Almost 800,000 people suffer a stroke every year in the United States. Recovery varies from person to person depending on the severity of the stroke, age, what part of the brain is impacted, and other factors. Generally, healthcare professionals use Brunnstrom stages to measure stroke recovery.

Understanding these stages can help survivors and their loved ones know what to expect in the days and weeks after a stroke.

What are Brunnstrom Stages?

The Brunnstrom stages, also known as the Brunnstrom approach, are well-known stroke recovery tools developed by Swedish physical therapist Signe Brunnstrom in the 1960s. 

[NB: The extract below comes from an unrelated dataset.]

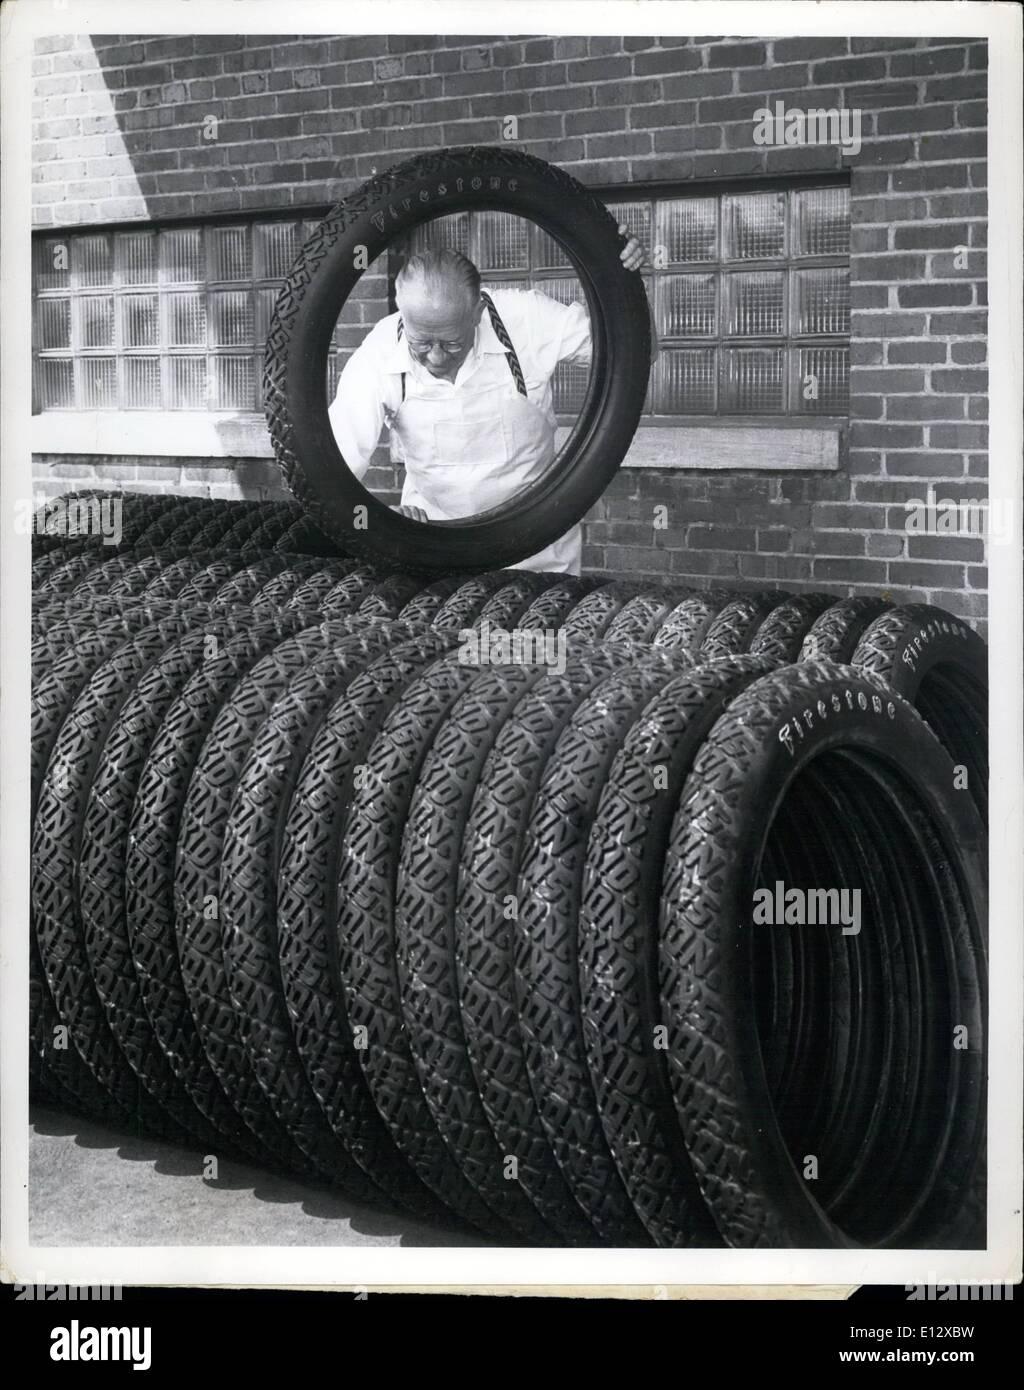 26. Februar 2012 - ist auf dem Weg von Akron, Ohio, nach Washington, um die Bedürfnisse der die 200 antiken Kfz Stockfoto
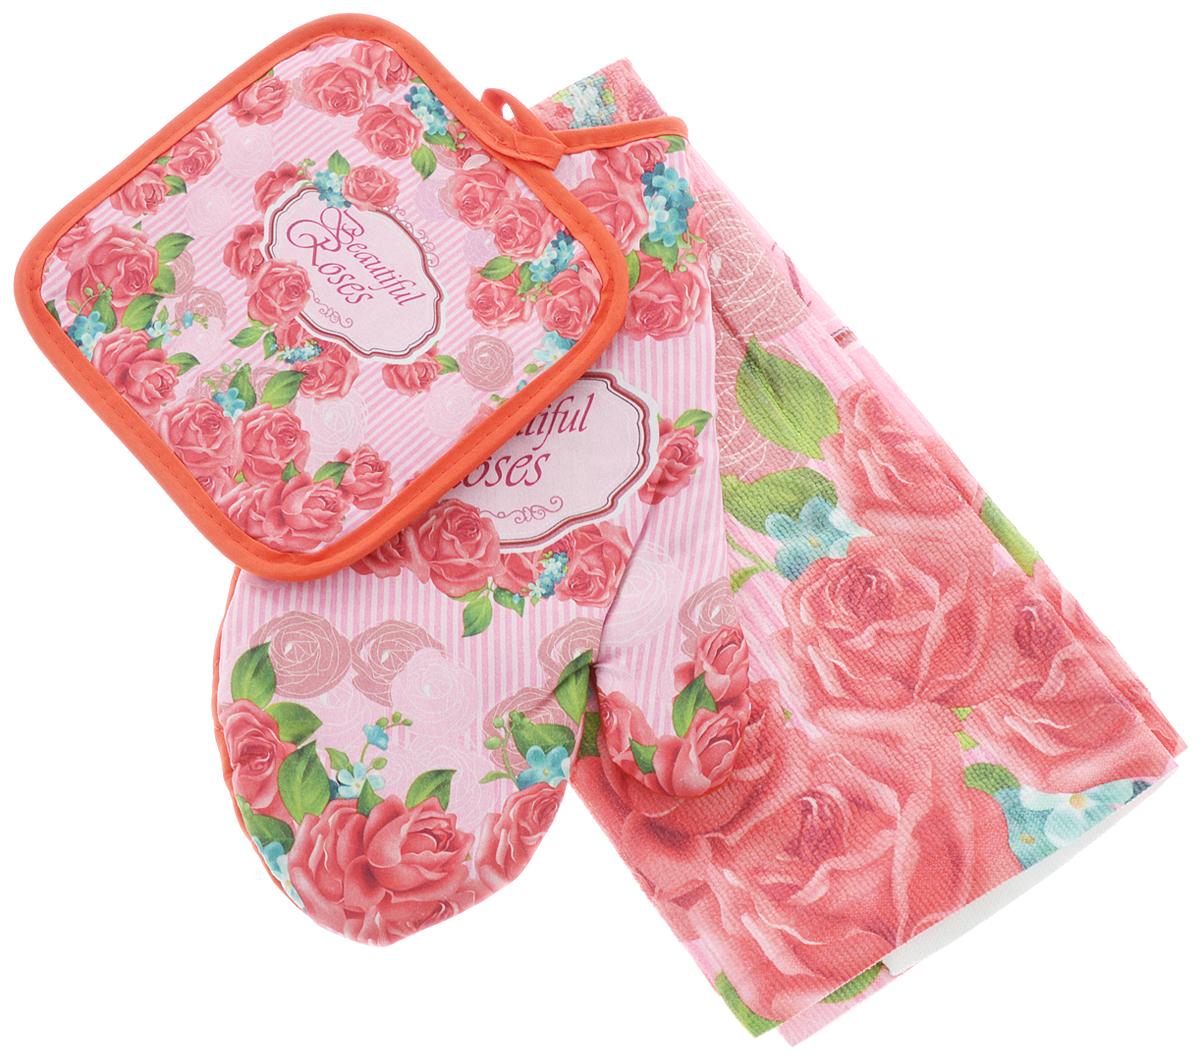 Комплект для кухни Soavita Роза, 3 предмета3152216630Кухонный комплект Soavita Роза состоит из полотенца, прихватки и прихватки-варежки. Прихватка и прихватка-варежка изготовлены из 100% полиэстера, полотенце изготовлено из 80% полиэстера и 20% полиамида. Все изделия украшены ярким рисунком цветов.Комплект идеально дополнит интерьер вашей кухни исоздаст атмосферу уюта и комфорта. Высочайшеекачество материала гарантирует безопасность не тольковзрослых, но и самых маленьких членов семьи.Размер полотенца: 38 х 63 см. Размер прихватки: 17 х 17 см. Размер прихватки-варежки: 17 х 27 см.

According to an article by NIH, the World Health Organization (WHO) estimates that stroke events are likely to increase by 30% between 2000 and 2025. Following a stroke, survivors often experience hemiplegia or a loss of muscle control on one side of the body. Therefore, motor (movement) recovery is one of the most important goals for stroke patients. While working with stroke patients experiencing hemiplegia, Brunnstrom observed the sequence of extremity movement recovery in a standardized pattern. She developed a framework that includes seven commonly seen steps in motor recovery after a stroke. Brunnstrom's approach allows patients and their doctors to check the progress of movement recovery.

Widely use the Brunnstrom approach to assess motor recovery in stroke survivors. While many begin the recovery journey at stage 1 and progress sequentially through the 7 stages, recovery is different for everyone. It can start at any stage, depending on the severity of the stroke. 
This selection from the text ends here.